Initial value problems (IVPs) are differential equations accompanied by specific values at the start of the equation, known as initial conditions. These conditions allow you to find particular solutions that would otherwise be part of a broader family of solutions. In the original exercise, we have an initial condition of \( y(0)=0 \). This means that when the value of \( t \) is equal to zero, \( y \) must equal zero. By imposing these specific conditions, we can solve the differential equation more accurately and get a precise solution, tailored to the scenario depicted by the initial values.
The use of Laplace transforms in solving IVPs helps to convert differential equations into an algebraic form, often making them easier to handle. Once the equation is solved in the Laplace domain, we can convert it back into the time domain to find the specific solution that fits the given initial condition.

The unit step function, often denoted as \( u(t-a) \), is an essential mathematical tool for expressing piecewise functions in terms of a single formula. It "steps" from 0 to 1 at the point \( t = a \). This function is particularly useful when dealing with time-dependent changes, such as switching on at a certain moment, which is critical in the original problem's formulation.
In the given exercise, the piecewise function \( f(t) \) is expressed using a unit step function as \( f(t) = 5u(t-1) \). This notation simplifies the representation of \( f(t) \), indicating that the function is zero for \( t < 1 \) and becomes a constant 5 when \( t \geq 1 \).

• Before \( t = 1 \), \( f(t) = 0 \).
• At \( t = 1 \) and onwards, \( f(t) = 5 \).

This calculation allows us to apply Laplace transforms efficiently, as the unit step function has a straightforward Laplace transform which we leverage in further steps of solving the problem.

The inverse Laplace transform is the process by which we convert an algebraic expression in the frequency domain back into a function in the time domain.
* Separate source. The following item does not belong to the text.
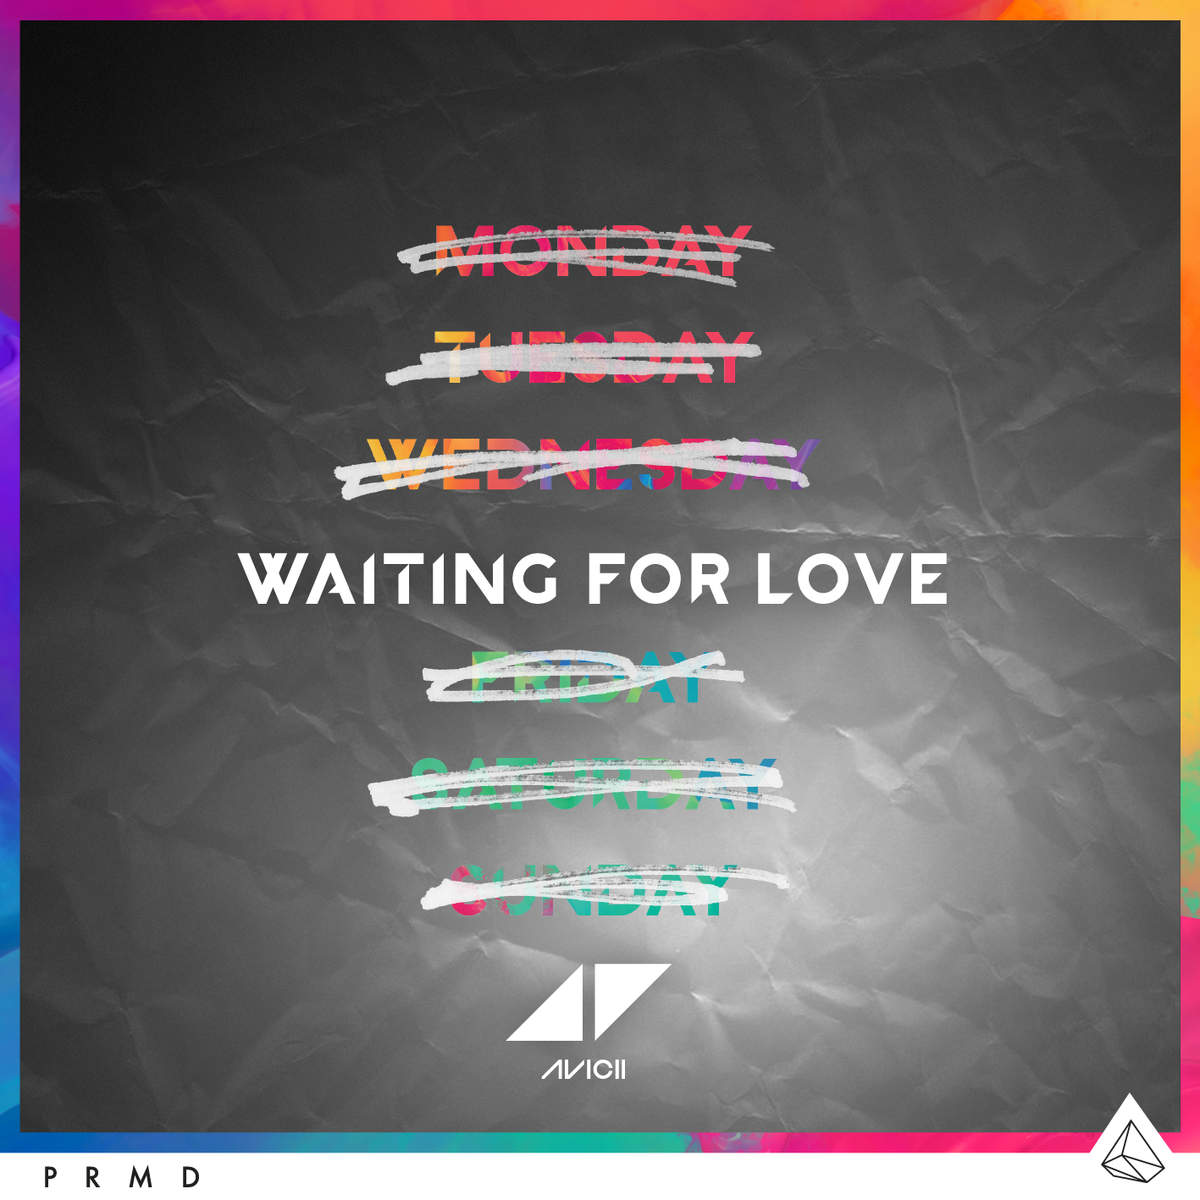 Avicii waiting for love 2015 1200x1200

After solving the differential equation using Laplace transforms, the solution is typically presented as a function of \( s \), denoted as \( Y(s) \). To find \( y(t) \), we apply the inverse transform, translating the solution back to the original variable, \( t \).
In the context of the solution, after finding \( Y(s) \), we need to employ the inverse Laplace transform to arrive at \( y(t) \). This is where our understanding of standard transform pairs becomes crucial. For instance, knowing that \( L^{-1}(\frac{1}{s}e^{-as}) = u(t-a) \) helps us find that \( L^{-1}(\frac{1}{s+1}e^{-as}) \) corresponds to \( e^{-(t-a)}u(t-a) \), allowing us to solve specific time-delay components.
The resulting expression \( y(t) = 5(1-e^{-(t-1)})u(t-1) \) effectively applies these inverse transformations, giving the final solution in terms of \( t \).

Partial fraction decomposition is a technique used to break down complex rational expressions into simpler fractions that are easier to work with, especially when taking Laplace transforms or their inverses. It is a crucial step in finding the inverse Laplace transform of functions that result from solving differential equations.
For the exercise, after finding \( Y(s) = \frac{5e^{-s}}{s(s+1)} \), we decompose \( \frac{5}{s(s+1)} \) into simpler fractions: \( \frac{A}{s} + \frac{B}{s+1} \). This step involves determining the coefficients \( A \) and \( B \) by solving the equation \( \frac{5}{s(s+1)} = \frac{A}{s} + \frac{B}{s+1} \). Upon solving, we find \( A = 5 \) and \( B = -5 \), resulting in:\[Y(s) = 5\left(\frac{1}{s} - \frac{1}{s+1}\right)e^{-s}\]
This decomposition simplifies the inversion process, as it allows us to use well-known inverse Laplace transforms for each separate term, which are key to constructing the time-domain solution.